(Provided material Opens)

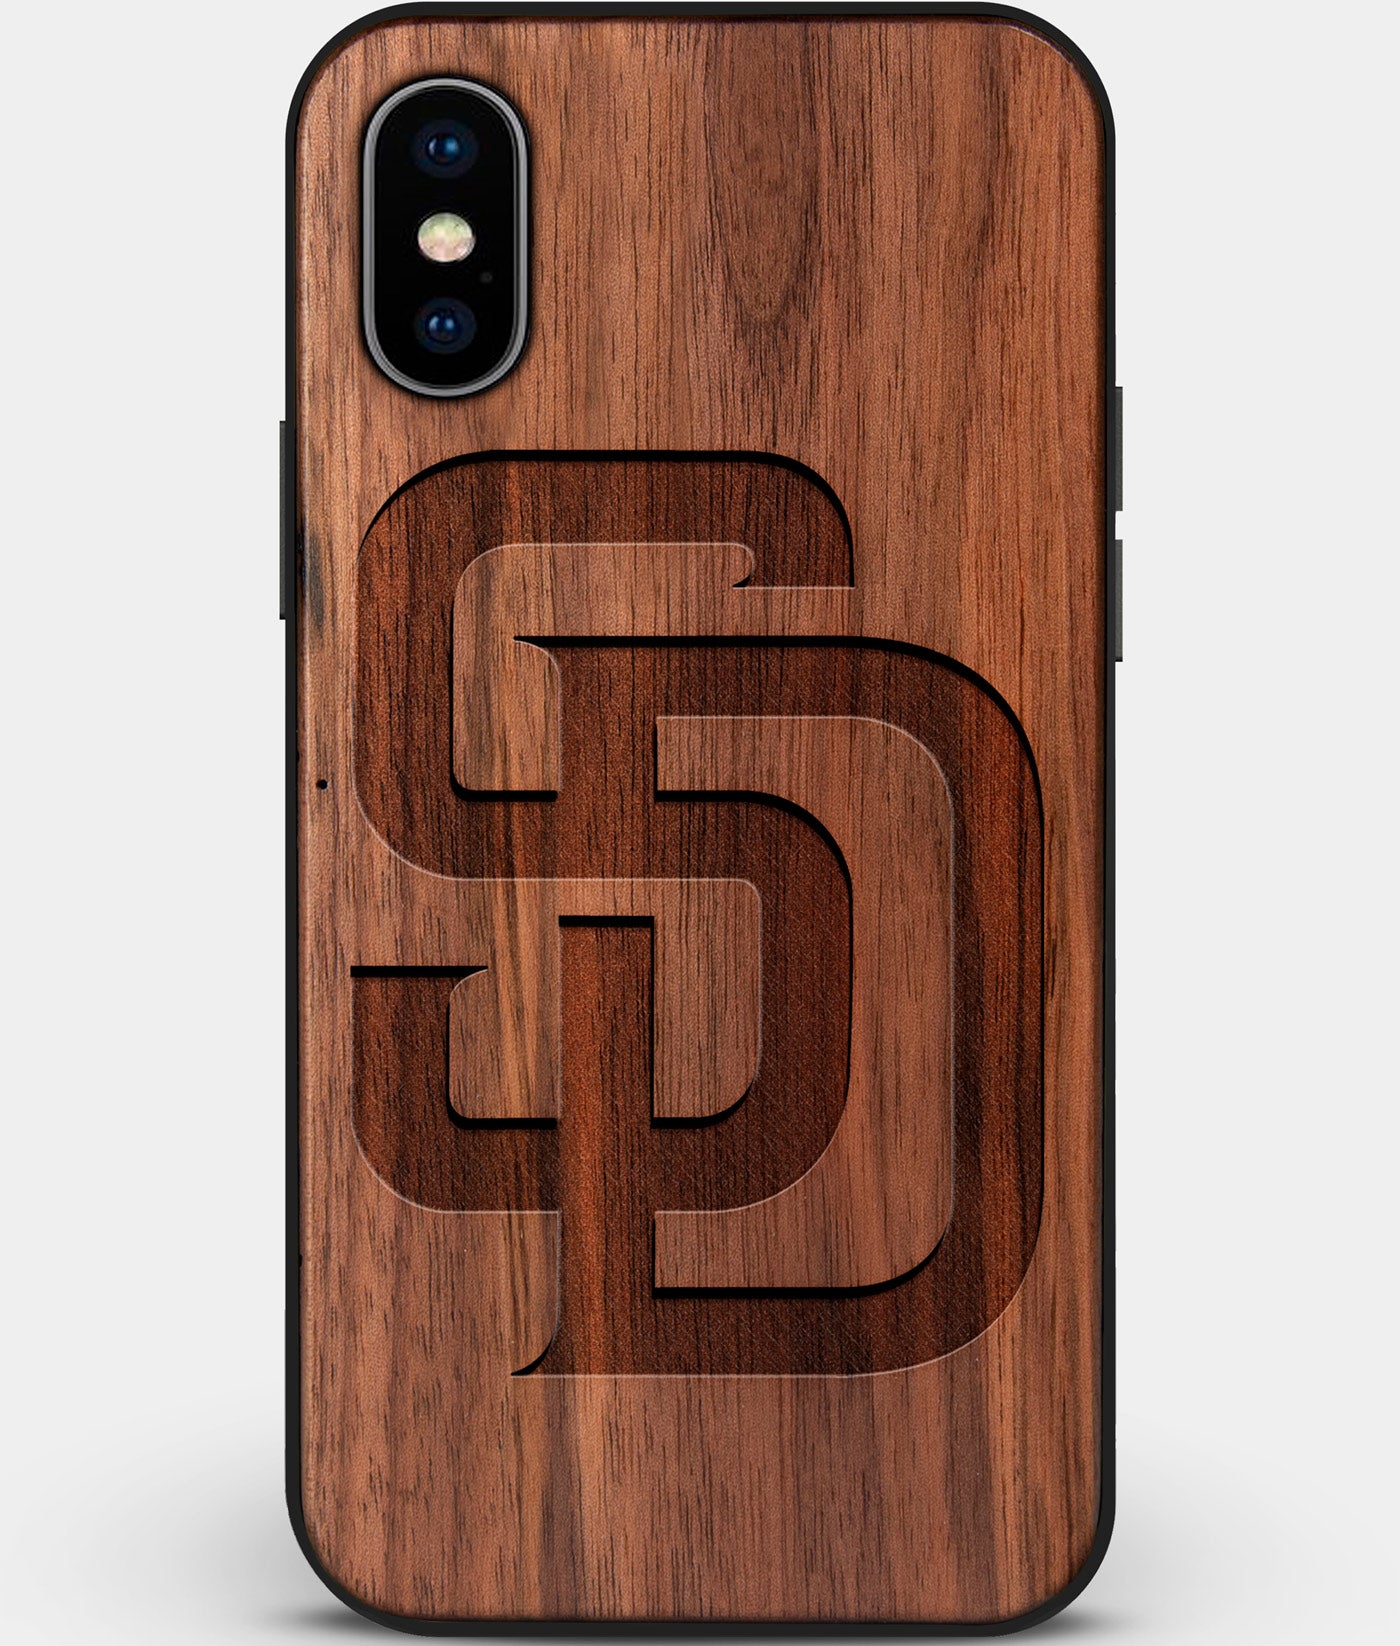 Custom Carved Wood San Diego Padres iPhone X/XS Case | Personalized Walnut Wood San Diego Padres Cover, Birthday Gift, Gifts For Him, Monogrammed Gift For Fan | by Engraved In Nature
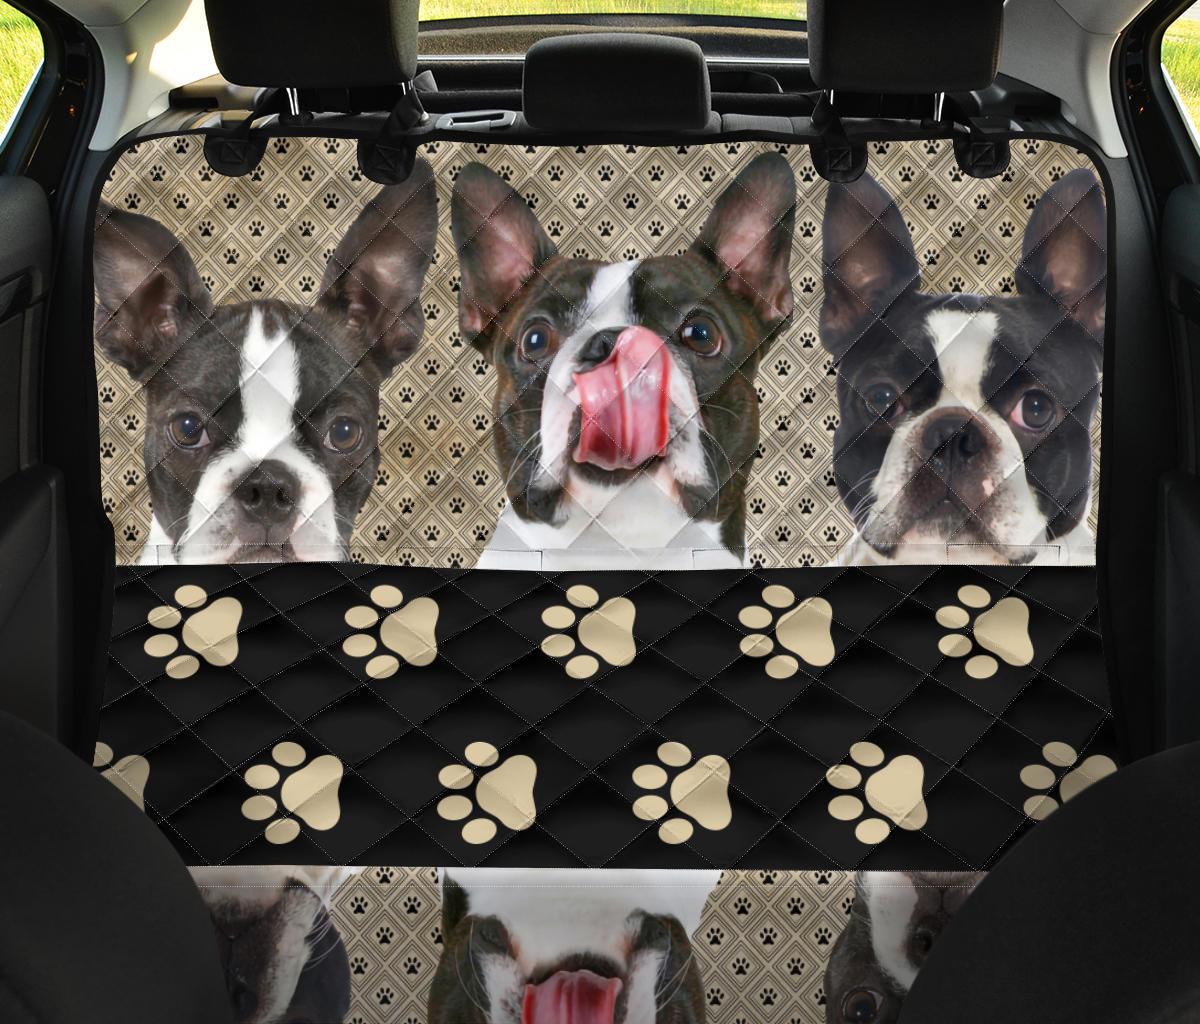 Boston Terrier Pet Dog Seat Covers For Car-Gear Wanta
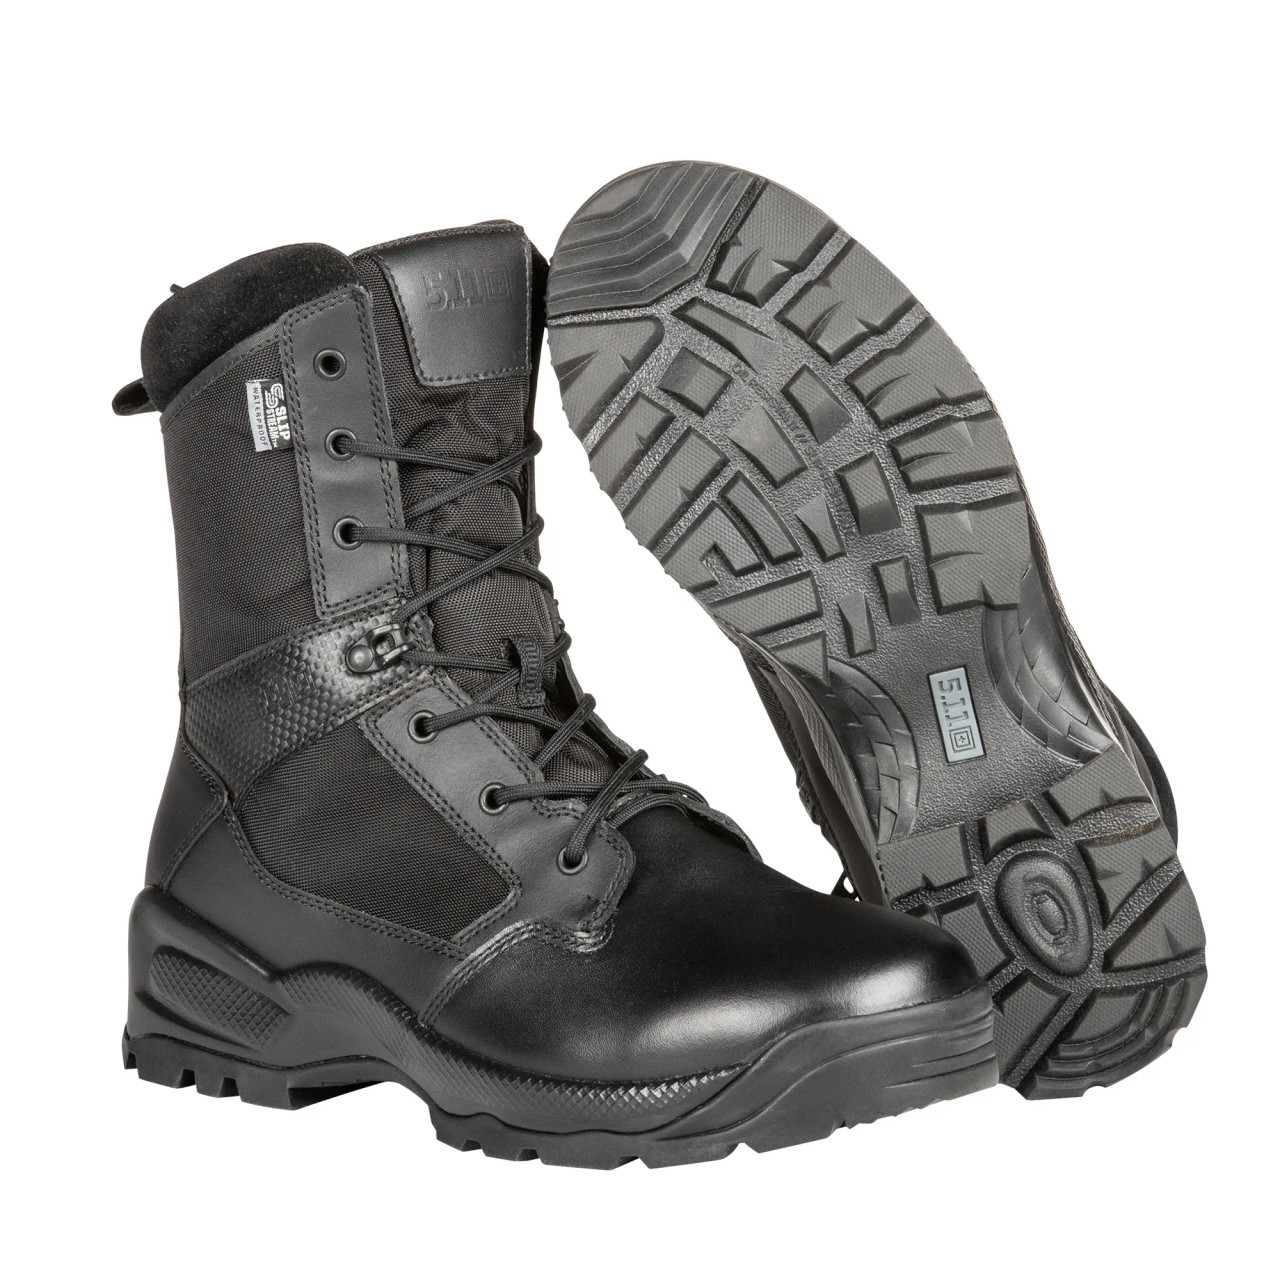 https://cdn11.bigcommerce.com/s-98f3d/images/stencil/1280x1280/products/1489/25813/5.11_Tactical_Womens_A.T.A.C._2.0_8_Boot_with_Side_Zip_Black_Main__02379.1664395563.jpg?c=2

(Provided material Closes)

An exact transcription of the data above is needed, without the pictures.

 Custom Carved Wood San Diego Padres iPhone X/XS Case | Personalized Walnut Wood San Diego Padres Cover, Birthday Gift, Gifts For Him, Monogrammed Gift For Fan | by Engraved In Nature
 Boston Terrier Pet Dog Seat Covers For Car-Gear Wanta
 https://cdn11.bigcommerce.com/s-98f3d/images/stencil/1280x1280/products/1489/25813/5.11_Tactical_Womens_A.T.A.C._2.0_8_Boot_with_Side_Zip_Black_Main__02379.1664395563.jpg?c=2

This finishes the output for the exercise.